** Task item **
Make an exact copy of the data below, leaving out every picture.

** Collected material **
══════════

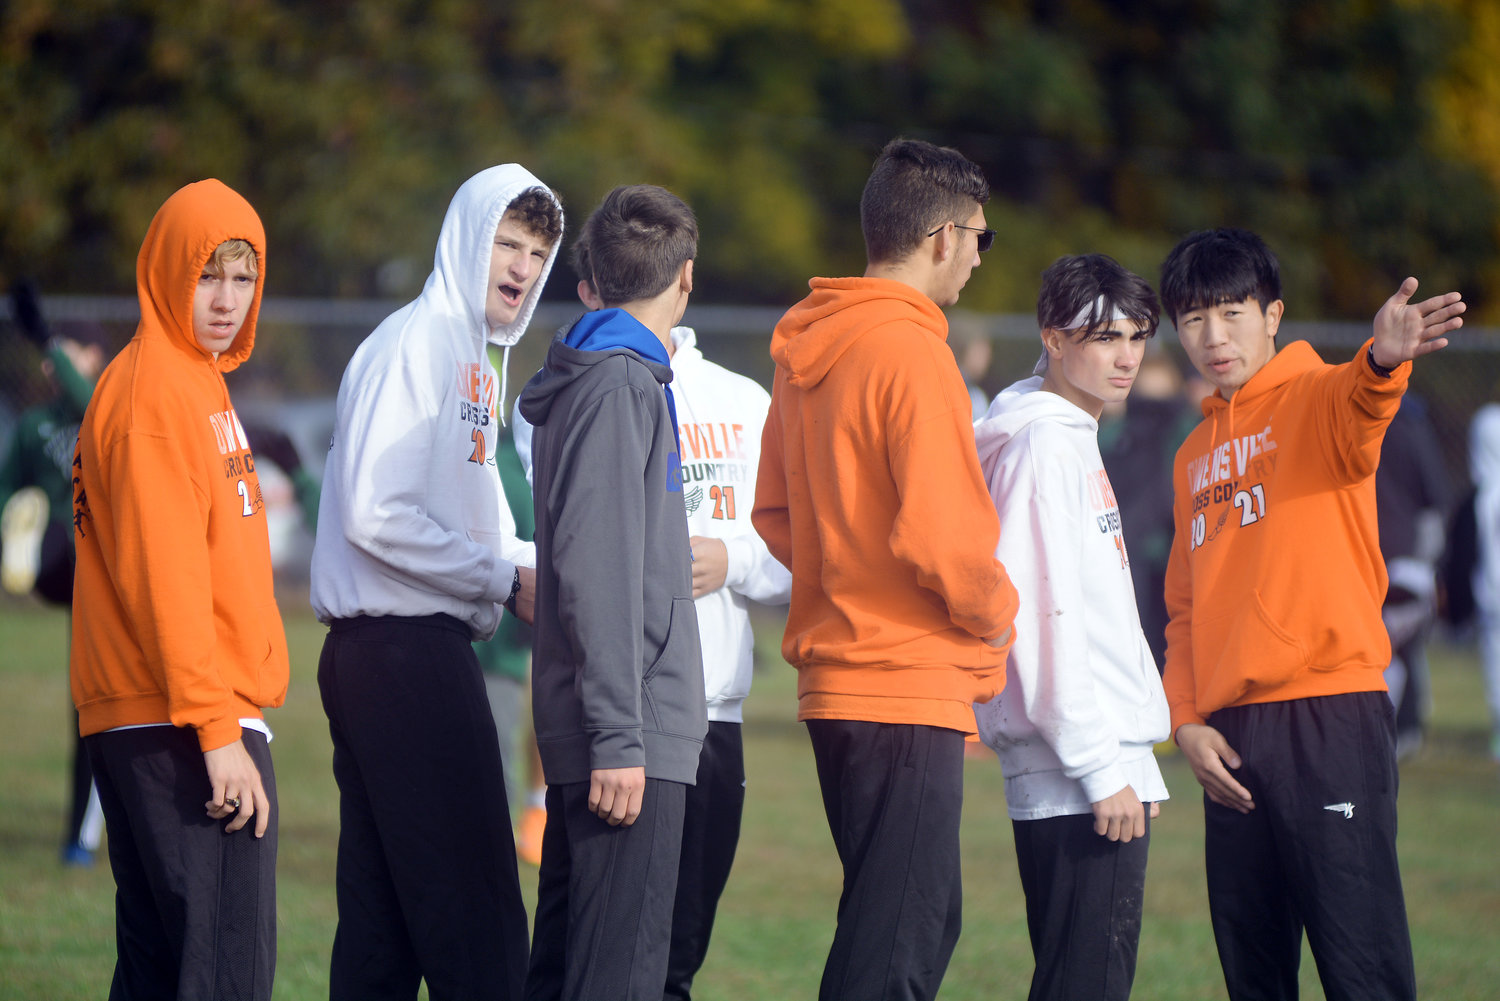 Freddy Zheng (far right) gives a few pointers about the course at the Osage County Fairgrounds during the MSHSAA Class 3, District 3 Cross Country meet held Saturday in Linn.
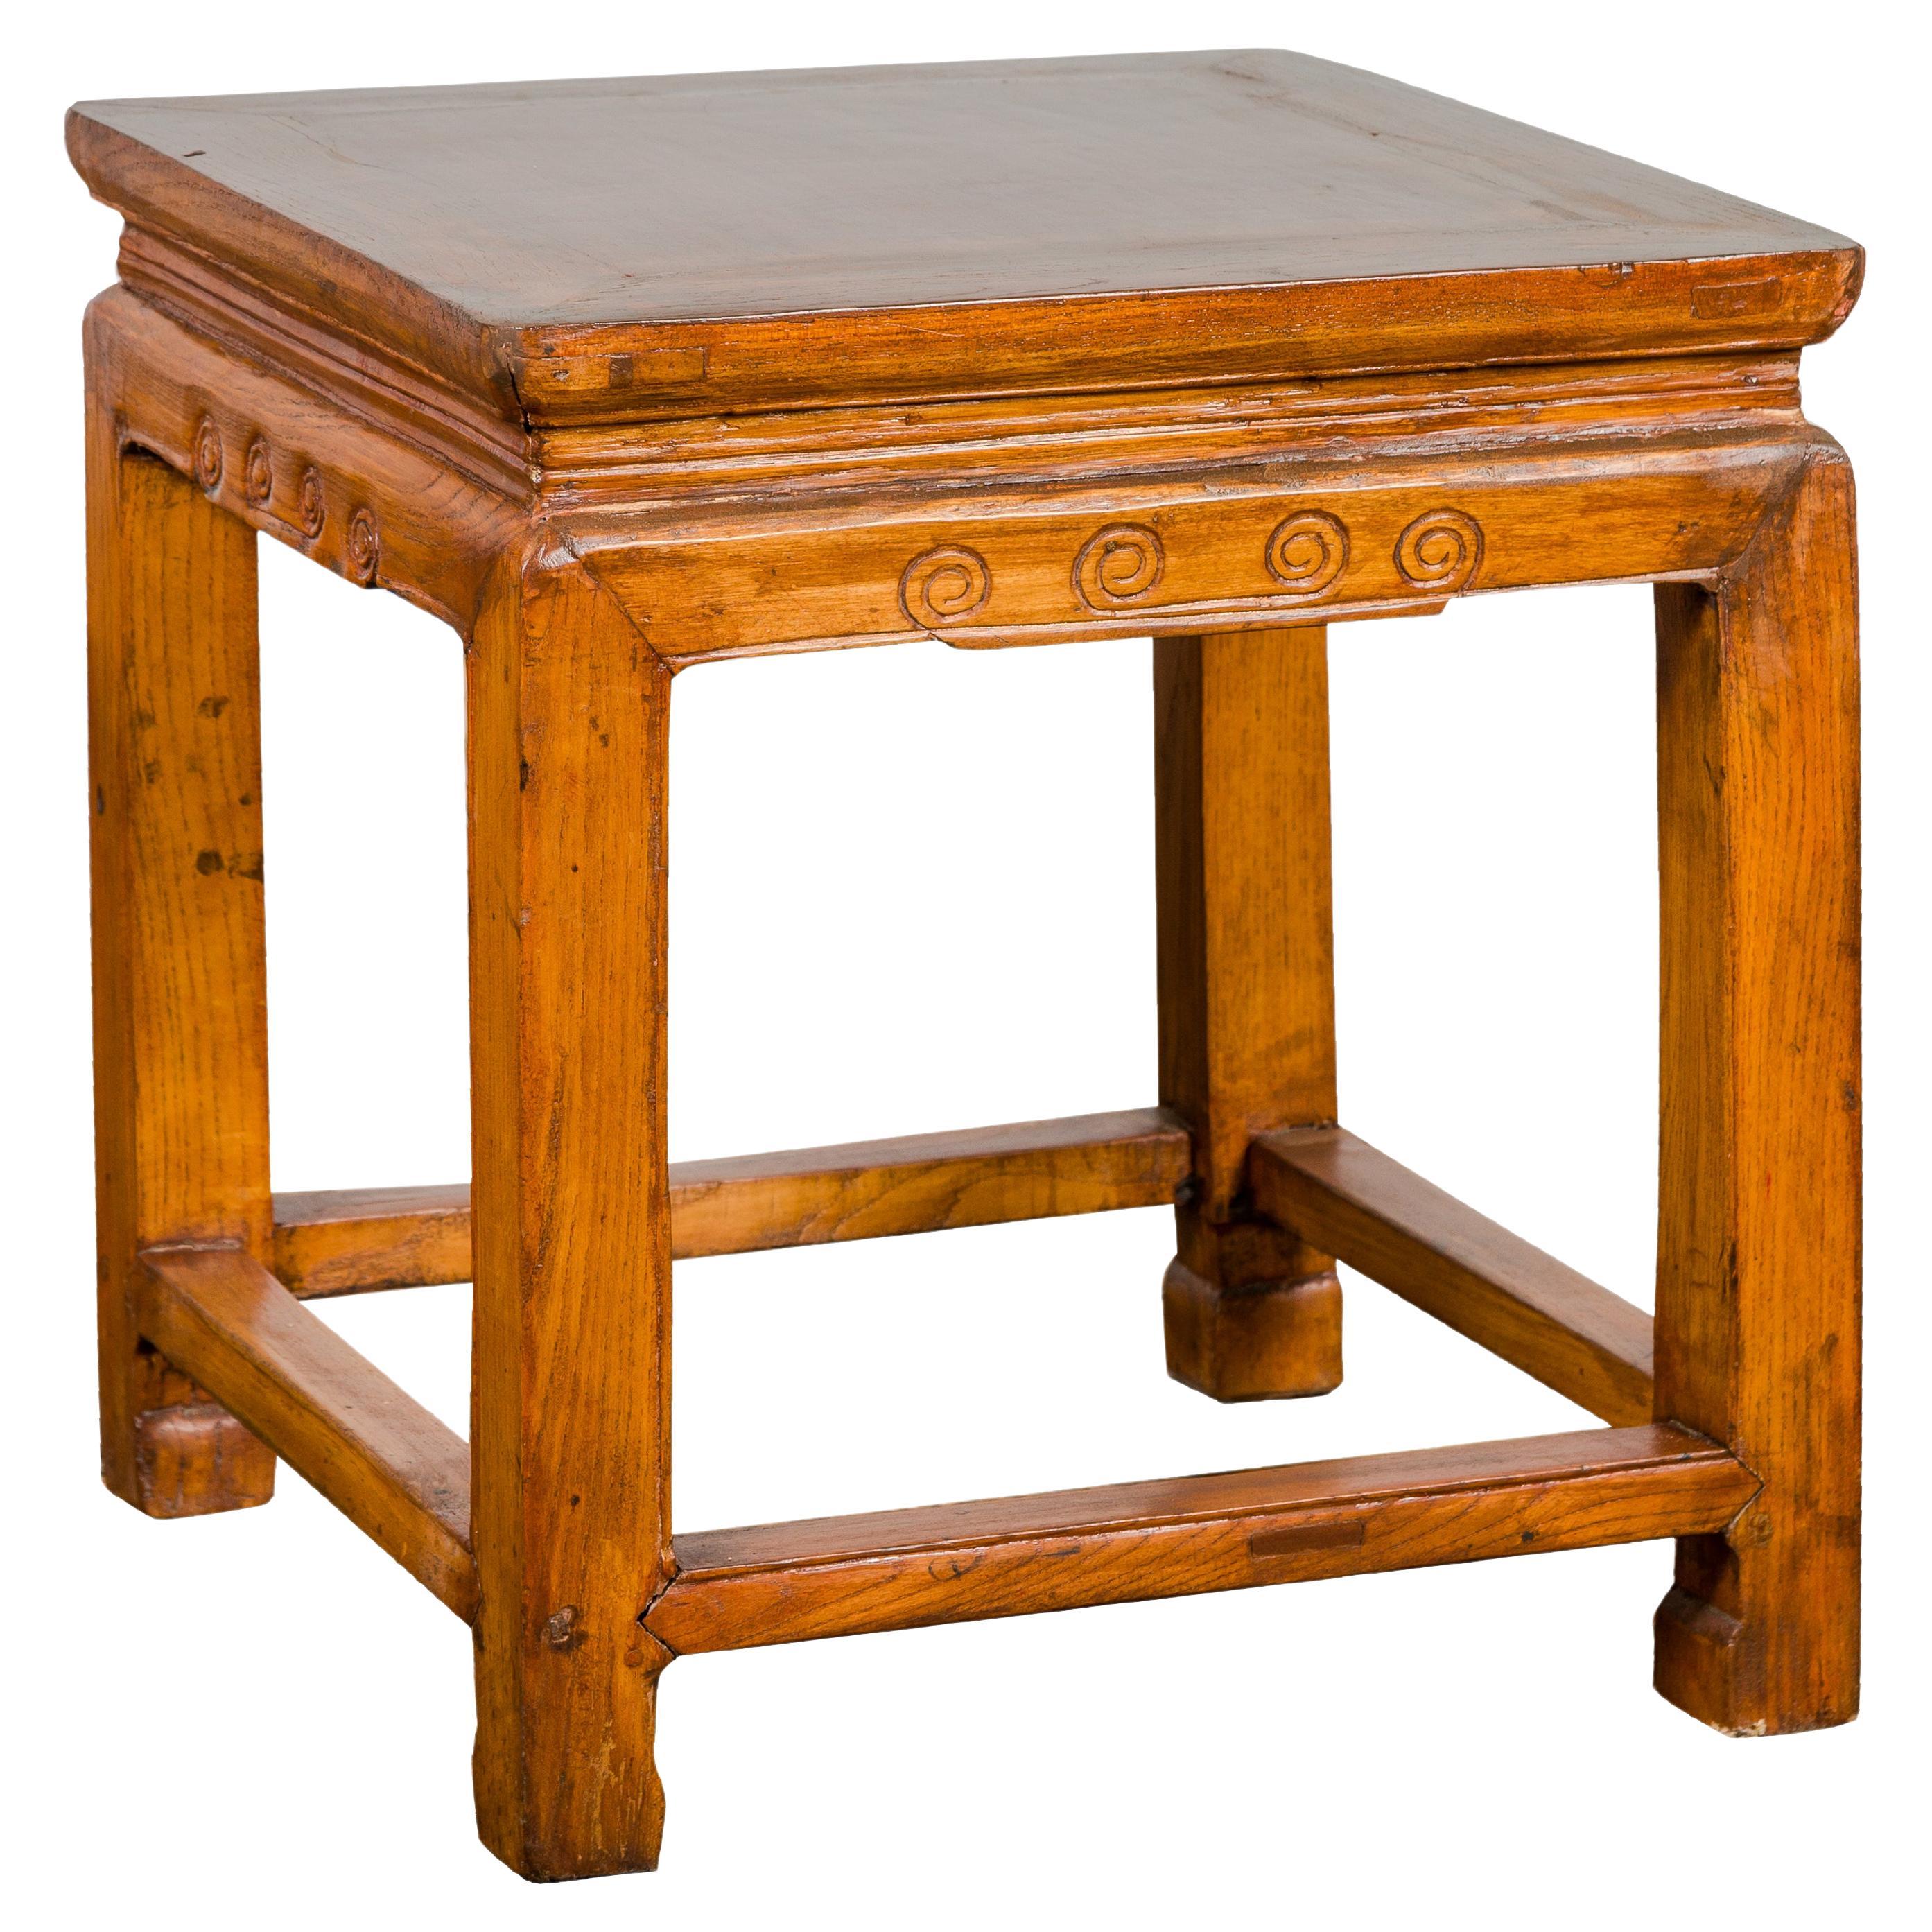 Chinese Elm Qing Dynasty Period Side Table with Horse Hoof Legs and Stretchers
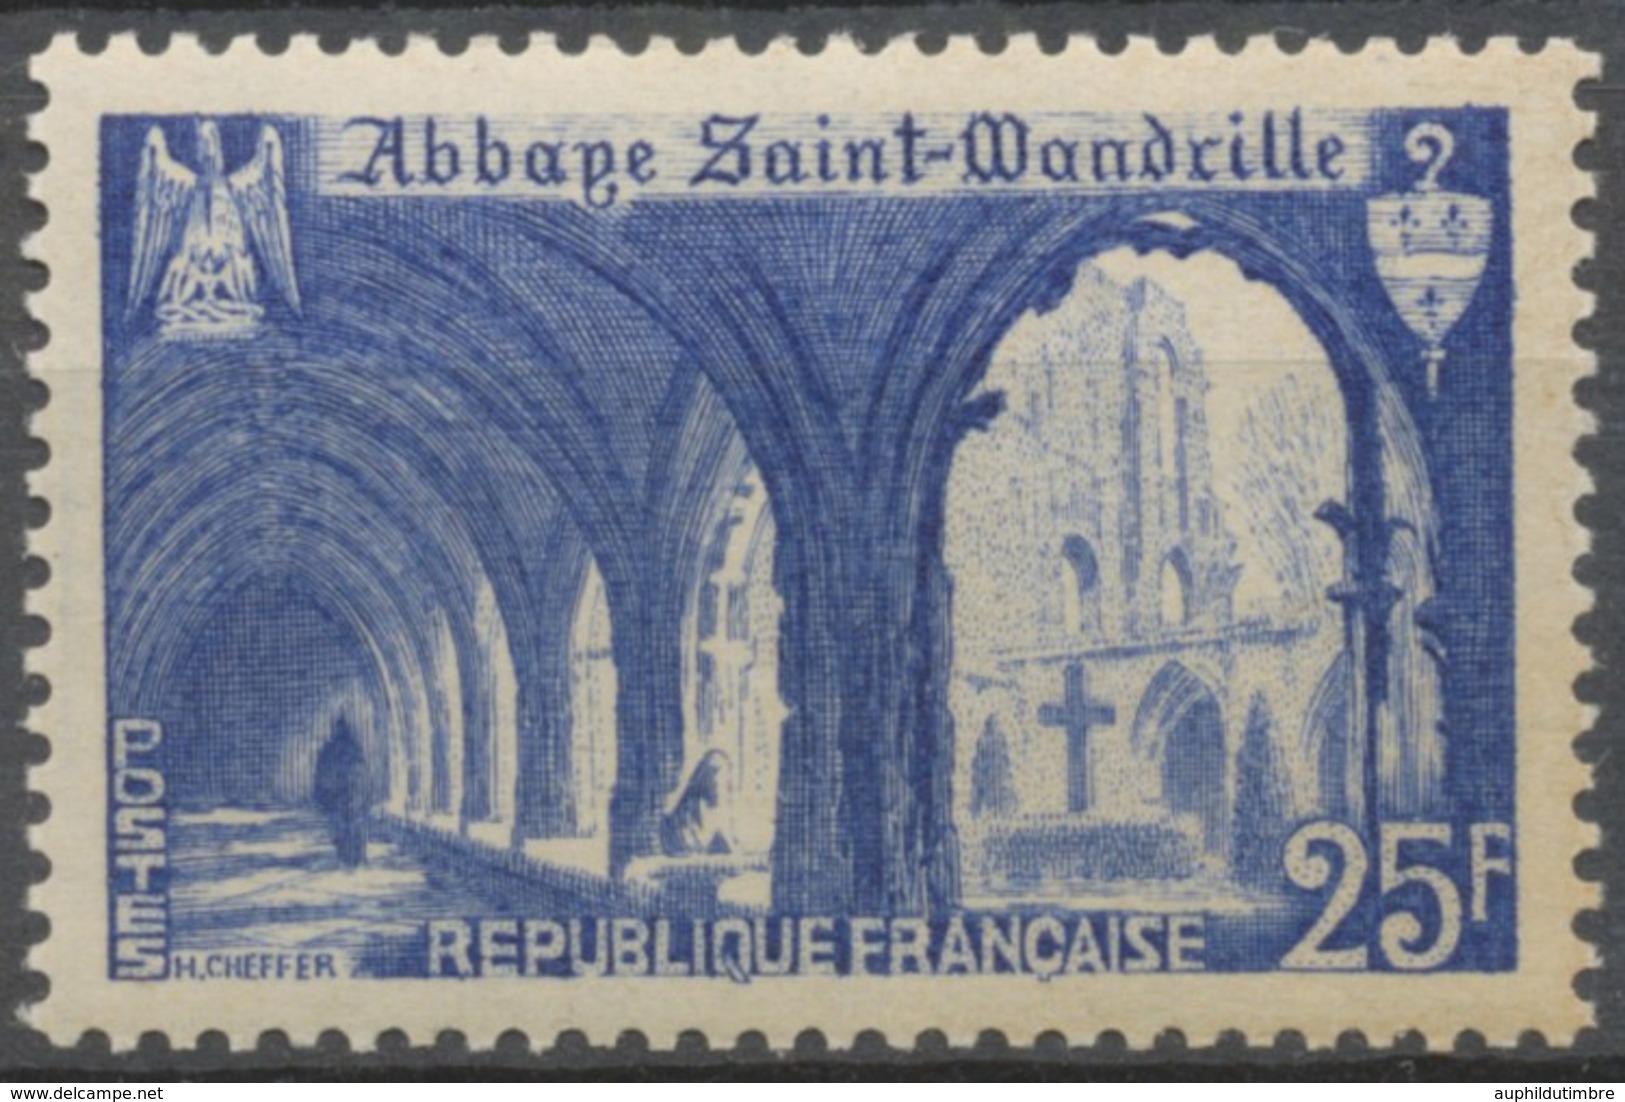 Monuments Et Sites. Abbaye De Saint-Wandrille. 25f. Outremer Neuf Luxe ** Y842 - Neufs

══════════

** Solution for this problem **
 Freddy Zheng (far right) gives a few pointers about the course at the Osage County Fairgrounds during the MSHSAA Class 3, District 3 Cross Country meet held Saturday in Linn.
 Chinese Elm Qing Dynasty Period Side Table with Horse Hoof Legs and Stretchers
 Monuments Et Sites. Abbaye De Saint-Wandrille. 25f. Outremer Neuf Luxe ** Y842 - Neufs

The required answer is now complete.